* [EXERCISE DESCRIPTION] Return the listing exactly. Keep no pictures.

* [EXERCISE DATA]
[Start of Attachment]

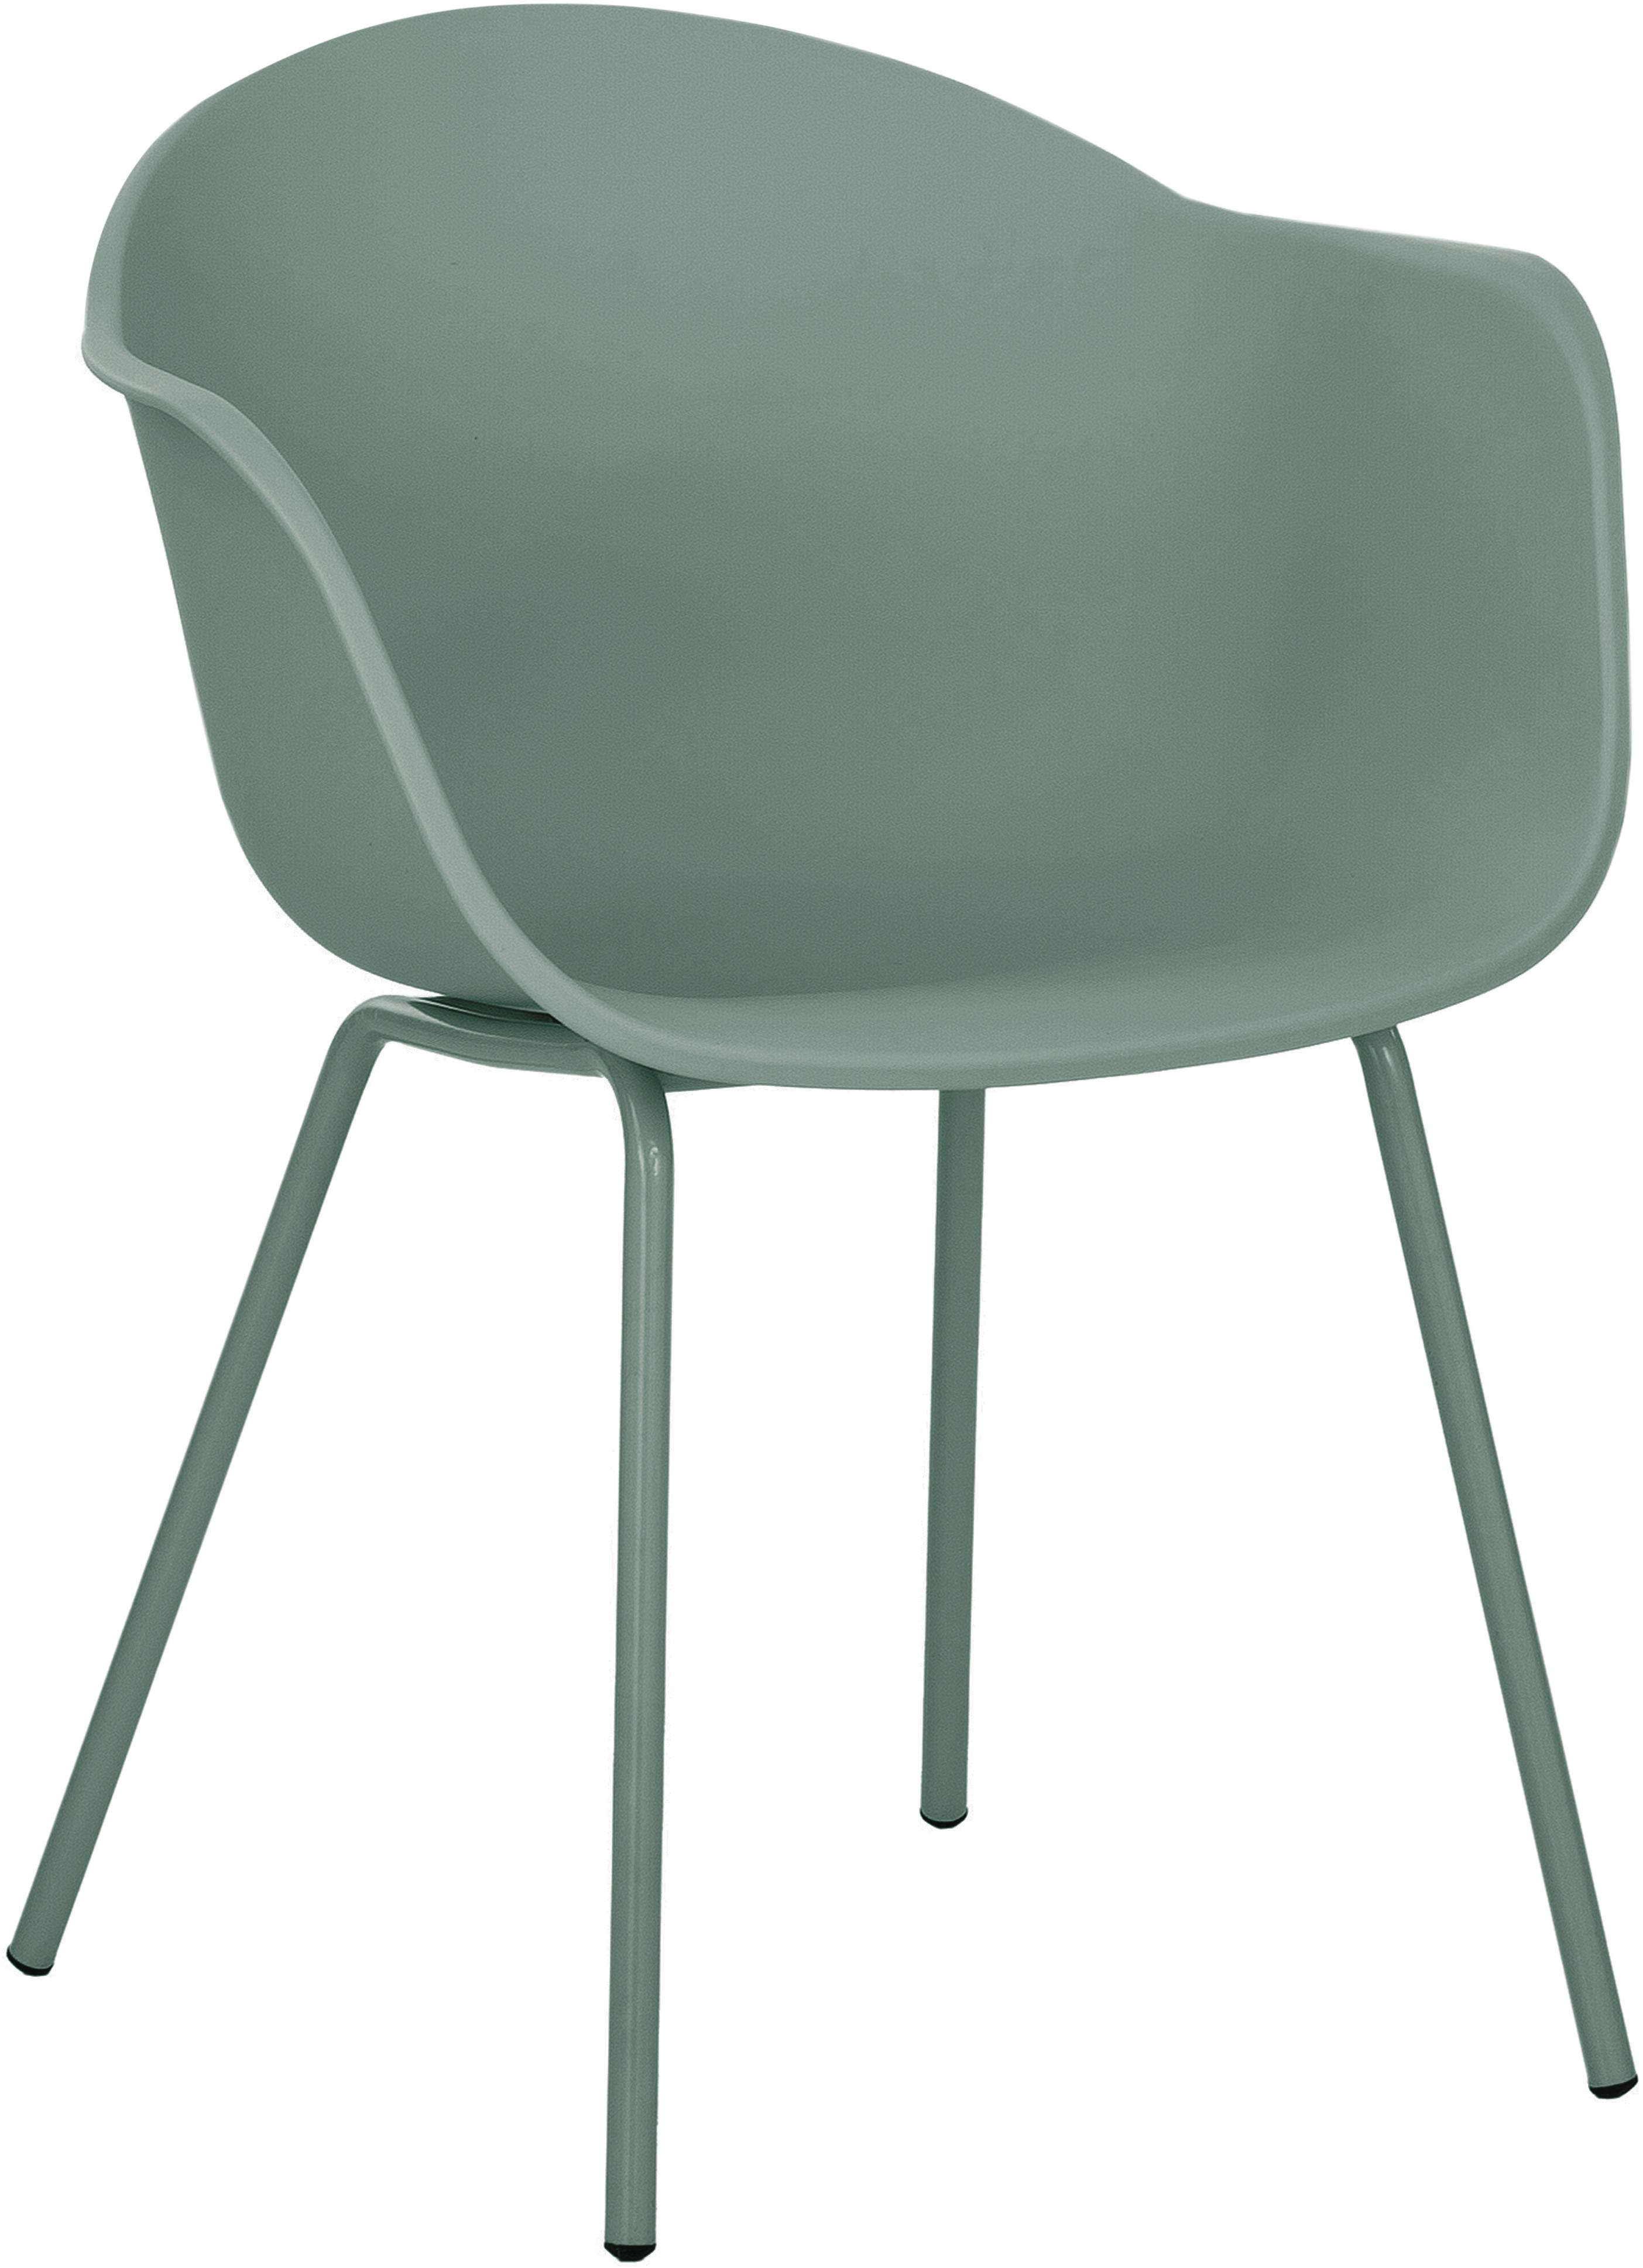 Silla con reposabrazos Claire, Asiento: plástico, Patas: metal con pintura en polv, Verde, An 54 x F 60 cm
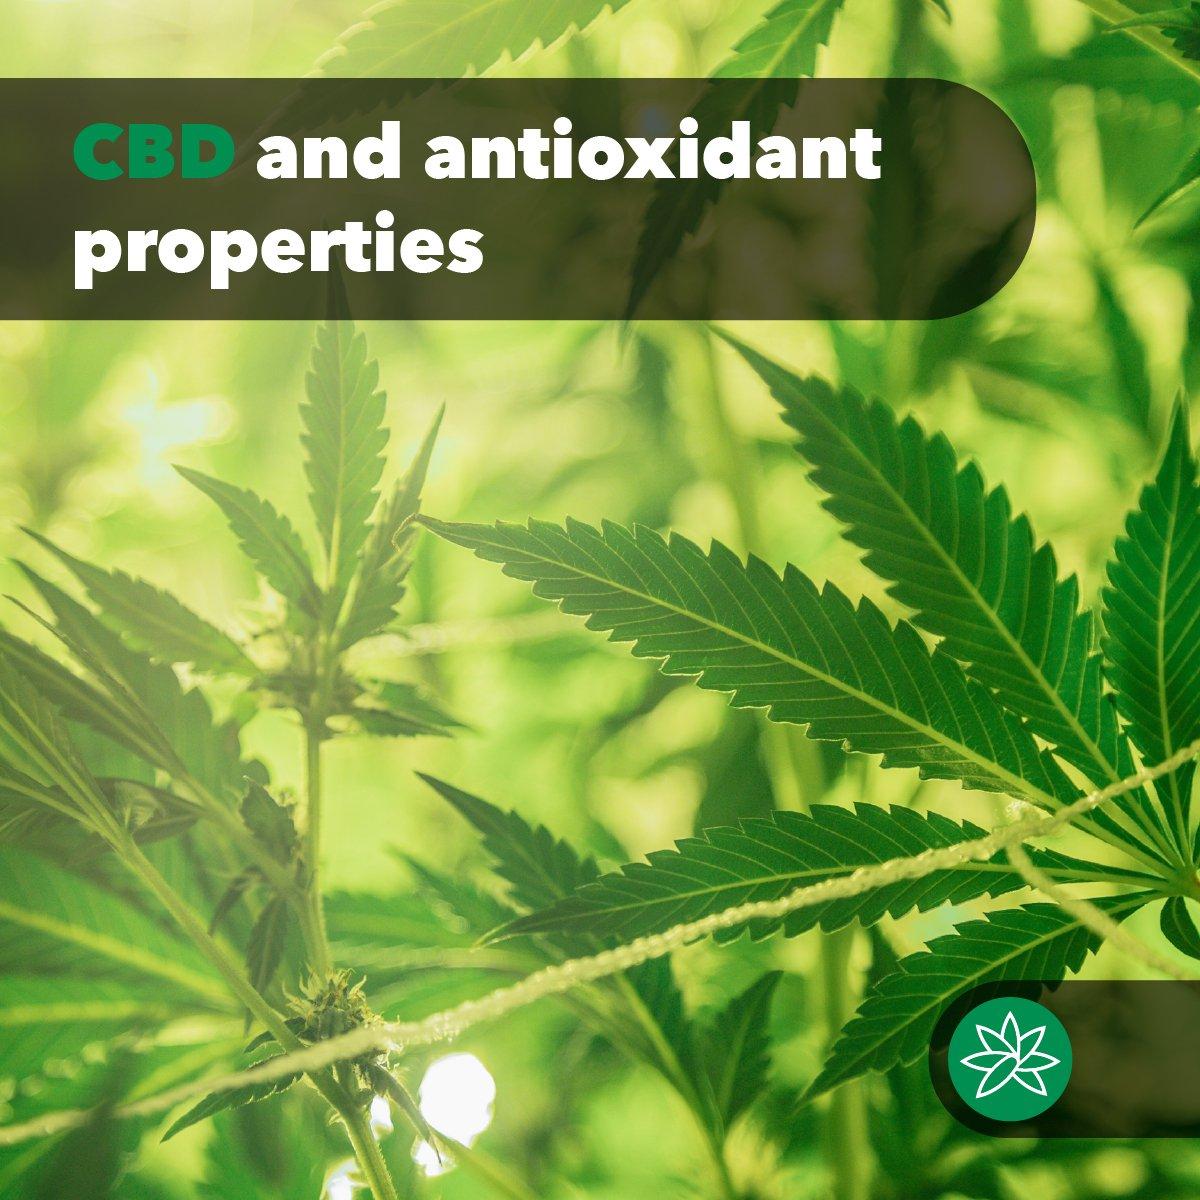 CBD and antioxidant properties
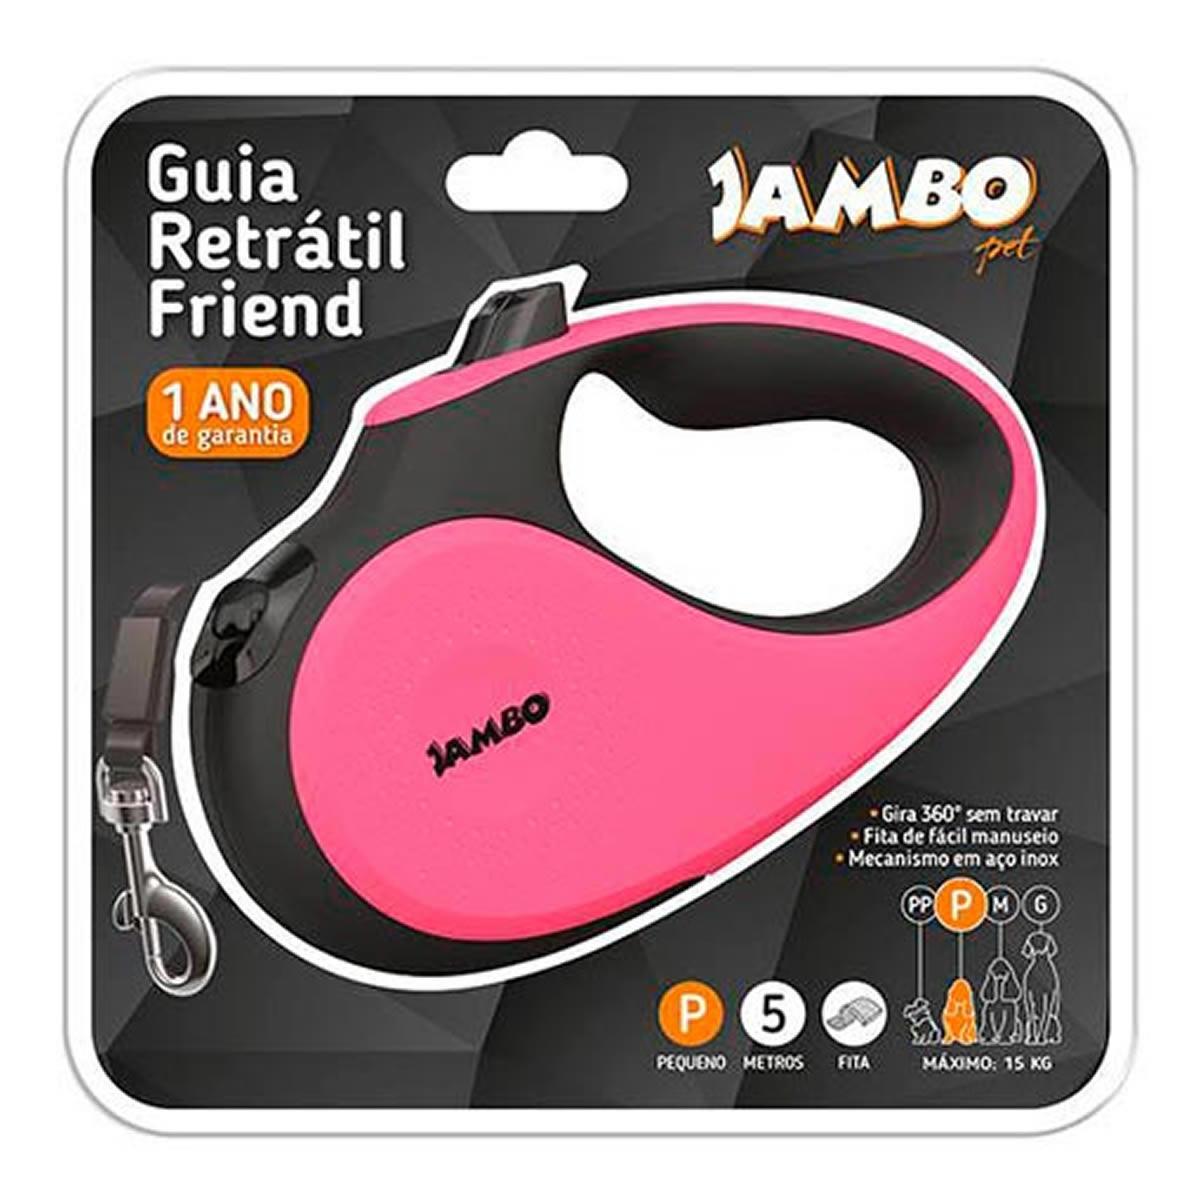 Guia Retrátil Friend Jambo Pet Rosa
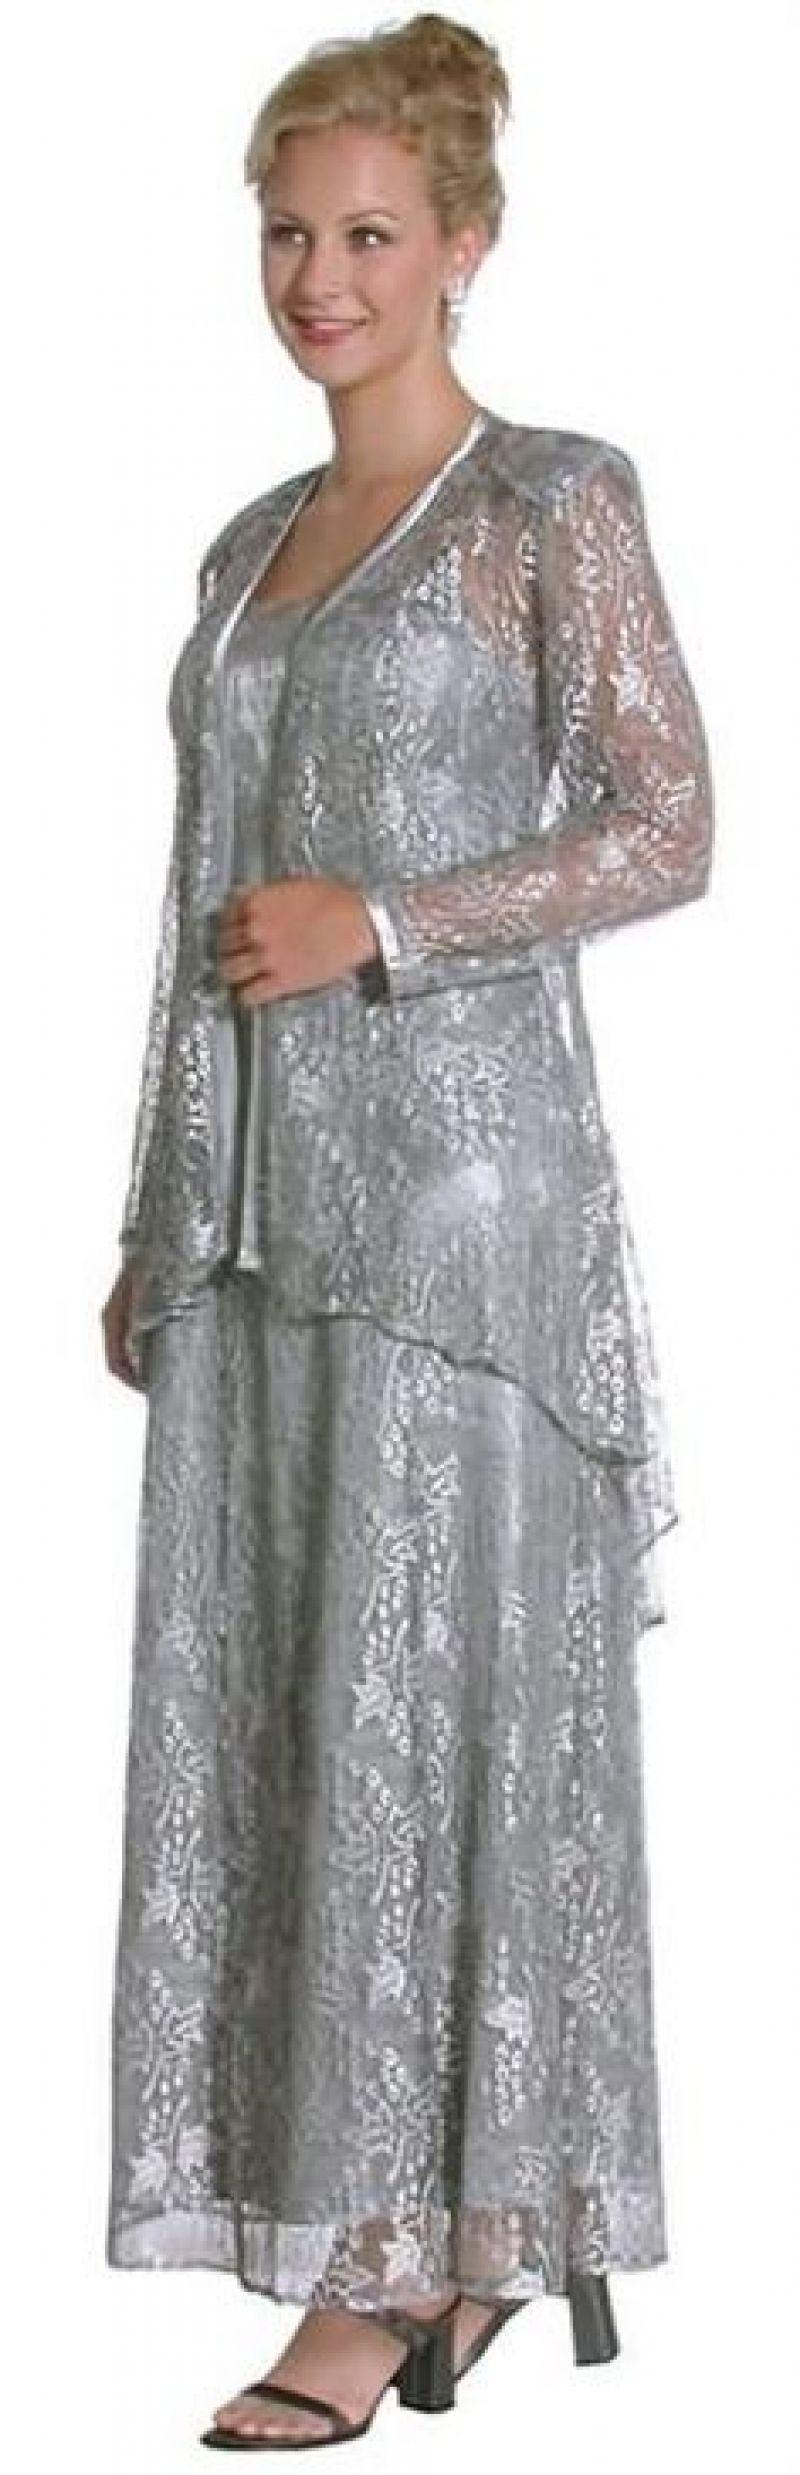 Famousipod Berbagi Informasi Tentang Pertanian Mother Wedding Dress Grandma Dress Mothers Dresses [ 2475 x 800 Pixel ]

[End of Attachment]

* [OUTPUT FOR THIS TASK]
 Silla con reposabrazos Claire, Asiento: plástico, Patas: metal con pintura en polv, Verde, An 54 x F 60 cm
 CBD and antioxidant properties
 Guia Retrátil Friend Jambo Pet Rosa
 Famousipod Berbagi Informasi Tentang Pertanian Mother Wedding Dress Grandma Dress Mothers Dresses [ 2475 x 800 Pixel ]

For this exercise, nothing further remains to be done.